第四十九章·风中的展场
会场大门在阳光下闪着金属的光,人潮如潮水般涌入。旗帜在风里猎猎作响,绣着「风的方向」四个字,随着阳光与风翻飞。广场中央立着高大的装置艺术,几百条白色布带悬掛空中,随风起伏,像一片巨大的海洋。顾庭予仰头看着,心口一阵悸动。这不是台北熟悉的街景,而是一个属于远方的场域,色彩、声音与人群共同编织出的世界。
辰光的眼神闪着光,几乎没有停歇,拉着顾庭予一路往里走。他像熟悉这里的一切似的,步伐轻快,语气里压不住兴奋:「庭予,你看这个入口设计,是用风管带动布条,像呼吸一样。」
顾庭予跟着他的视线望过去,确实看见布条随着隐形的风脉一缩一张,像胸腔起伏。他心里微微一震,第一次觉得「风」竟能被具象化成这样。
第一个展厅里灯光柔和,墙壁刷成浅色,每一幅画都以「风」为题。有人用油彩画出暴风捲起的城市,厚重的笔触像要撕裂画布;有人用水墨勾勒轻风掠过稻田,线条柔软,带着一种几乎能嗅到青草香的清透。辰光停在一幅作品前,久久不语。那是一片金黄的稻浪,层层翻涌,像心跳一样。

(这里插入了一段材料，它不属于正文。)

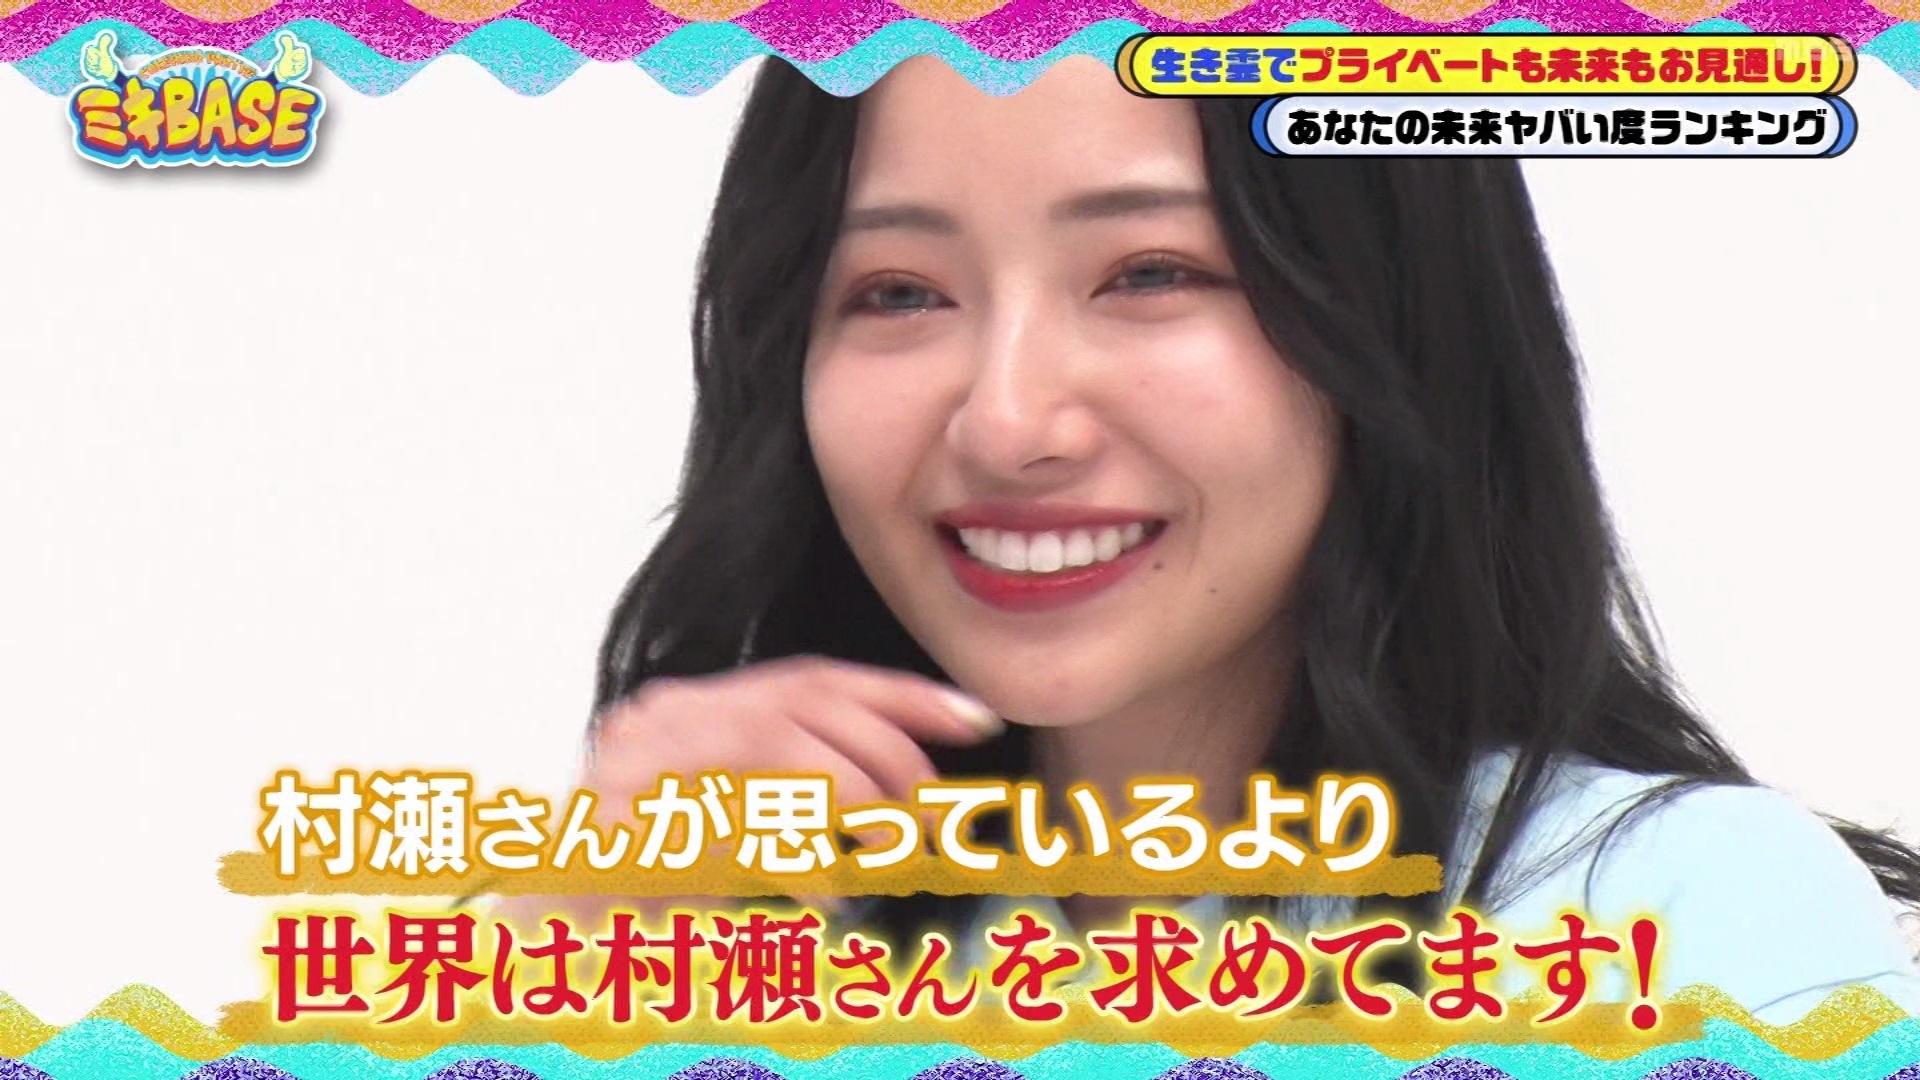 【村瀬紗英】さえぴぃ出演9月9日に放送された『ミキBASE』の画像。
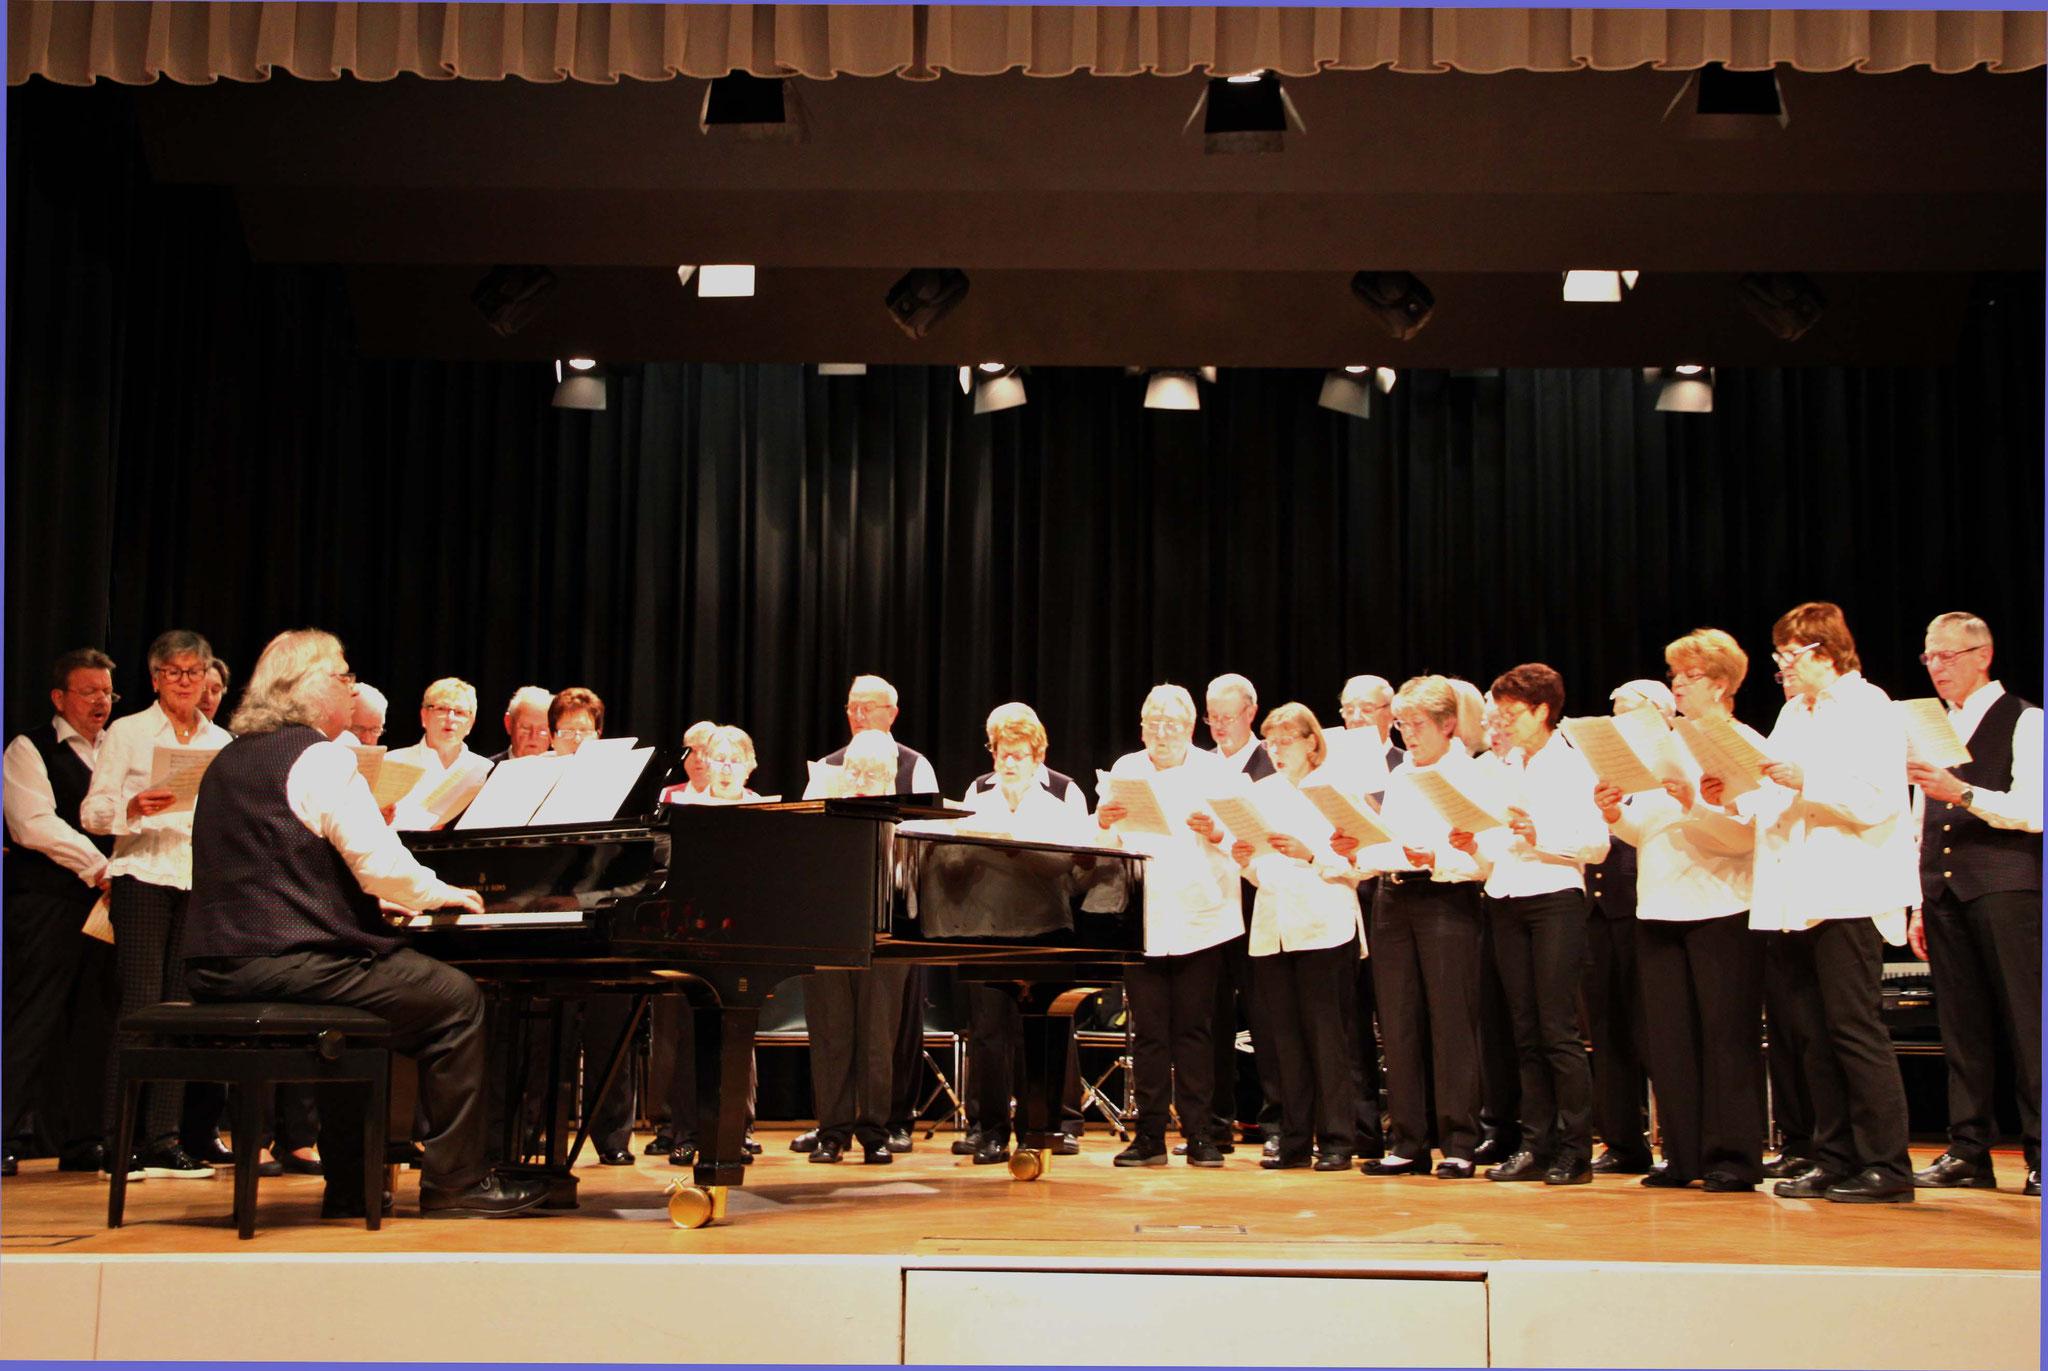 Der Gesangverein Harmonie unter Wolfram Krauß brachte eine Reihe bekannter Chorklassiker zu Gehör.

「这不就像我之前跟你说的吗?」辰光低声说,语气里带着抑不住的激动,「我一直想把风画成这样,有力量,但不会吓人。」
顾庭予看着画,又看着他,心口酸热交织。他忽然低声说:「这幅画……很像你。」
辰光愣了一下,随即笑了,眼神柔下来:「你什么时候学会说这种话了?」
顾庭予没有回,只是伸手碰了碰他的指尖。那个小小的动作比任何语言都真实。
展场里人声鼎沸,辰光却像鱼得水。他和陌生的艺术家交谈自如,谈顏料、谈线条、谈灵感。顾庭予站在一旁,静静听着,看着他专注的样子,心里忽然觉得踏实:这就是辰光的世界,而他能被邀请走进来。
午后,他们走到户外展区。广场中央的装置艺术正随风舞动,白布条在阳光下闪耀,像海浪一样一层层推开。辰光拉着顾庭予走进去,布条擦过脸颊,带着阳光与热风的气息。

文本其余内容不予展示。